"It's Really Quite Safe!"
Description
Contains Illustrations
$24.95
ISBN 0-920497-07-1
Author
Publisher
Year
Contributor
Ross Willmot is Executive Director of the Ontario Association for
Continuing Education.
Review
This autobiography covers an officer’s adventurous and varied life in the Royal Navy from 1920 to retirement in the late 1940s after service in Canada as Director of Naval Aviation. This much-decorated officer qualified as an observer in the Fleet Air Arm and narrowly escaped with his life when his ship, HMS Courageous, was sunk early in World War I. His expertise was put to use by the RAF in a risky raid on the Wilhelmshaven dockyard, and his report to authorities on this daylight operation when half the bombers were shot down is typical of the frank criticism he gives of service bungling. It was Rotherham’s expert and dangerous search of the fjords near Bergen in 1941 which confirmed the report that the Bismarck was loose on the North Sea. As a result, the cruiser was chased and sunk, and the exploit brought Rotherham a well-deserved D.S.O.
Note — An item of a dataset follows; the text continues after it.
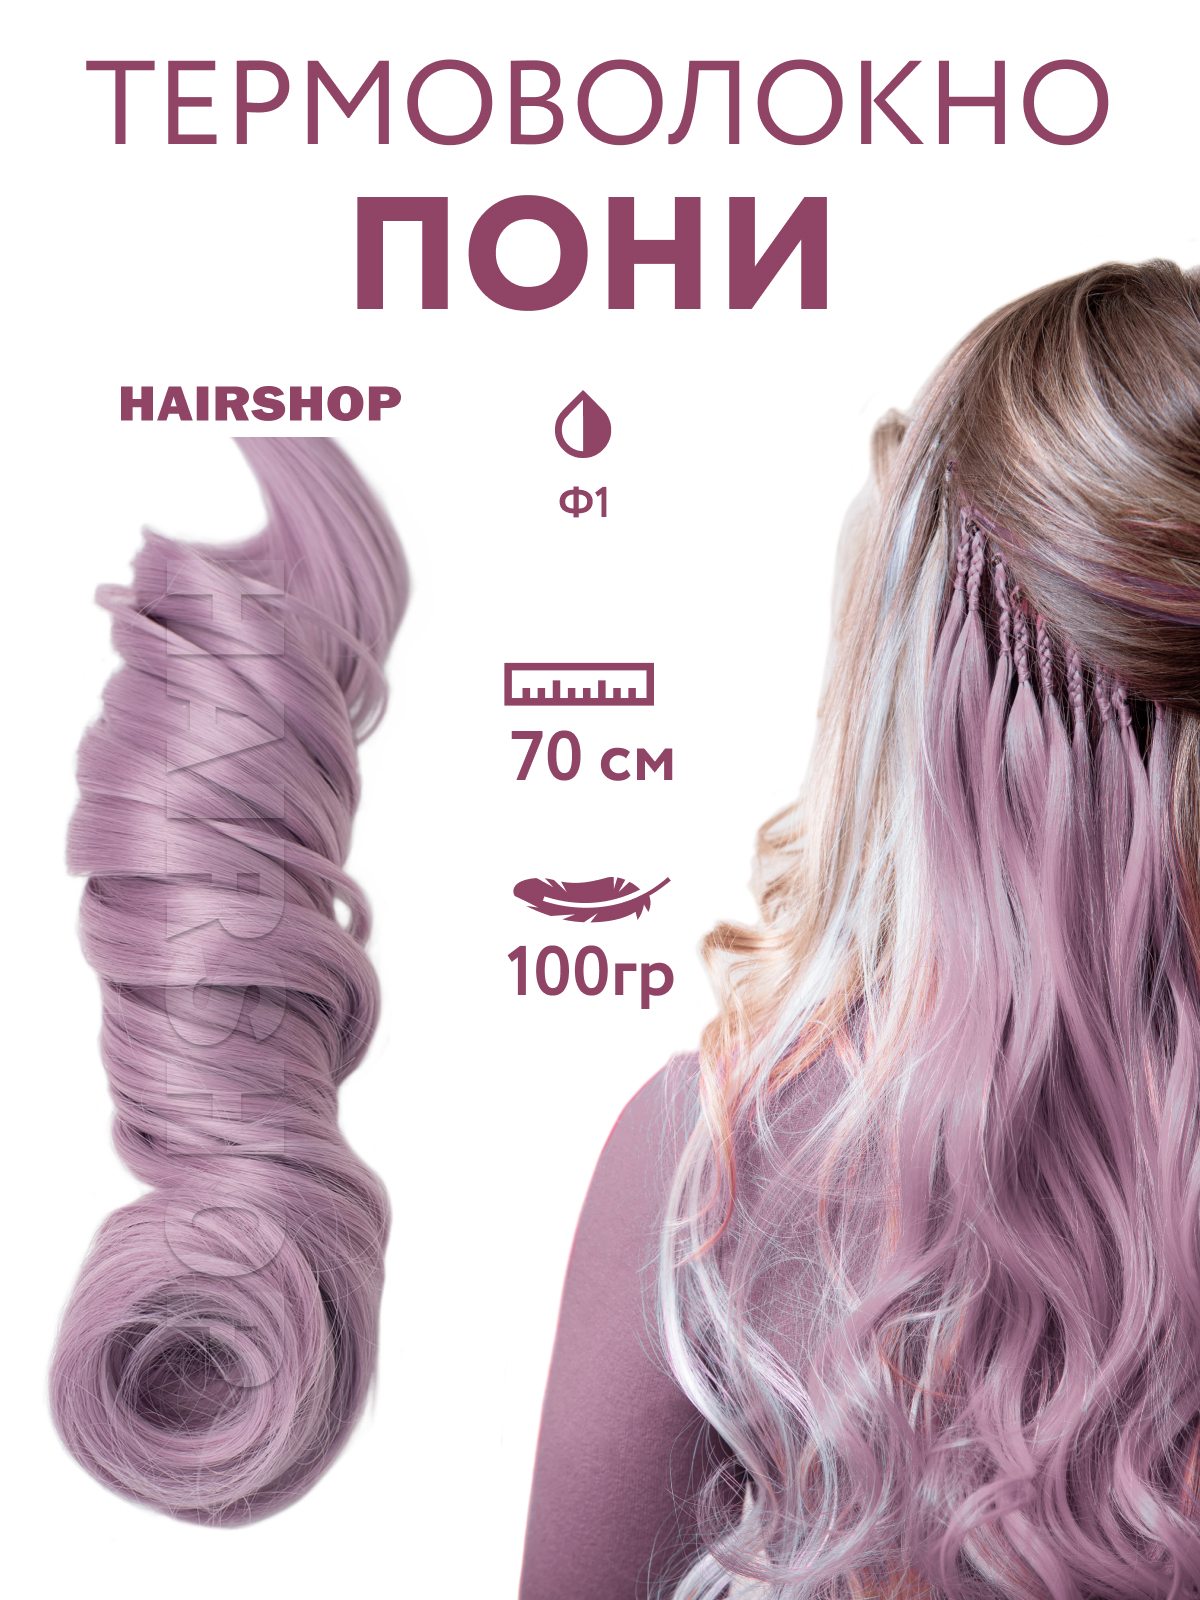 Канекалон HAIRSHOP Пони HairUp для точечного афронаращивания Ф1 Пастельный фиолетовый 1,4м канекалон hairshop пони hairup для точечного афронаращивания о1 персик пастельный 1 4м

As well as serving in the Admiralty in 1940, Rotherham took part in the abortive expedition to Dakar, the more successful capture of Douala and Libreville, and the invasion of Madagascar. He was also commanding officer of RNAS/Katukurunda in Ceylon, the RN’s biggest air station, and Captain of the escort carrier Trouncer. When he was passed over for promotion in Ottawa to substantive rank, he opted to retire to a successful business career in Quebec. His is a story, as his Canadian wife writes, “from the period of change in the post-WWI years to post-WWII years when perhaps things did not change as steadily or as much for the better as they should have.”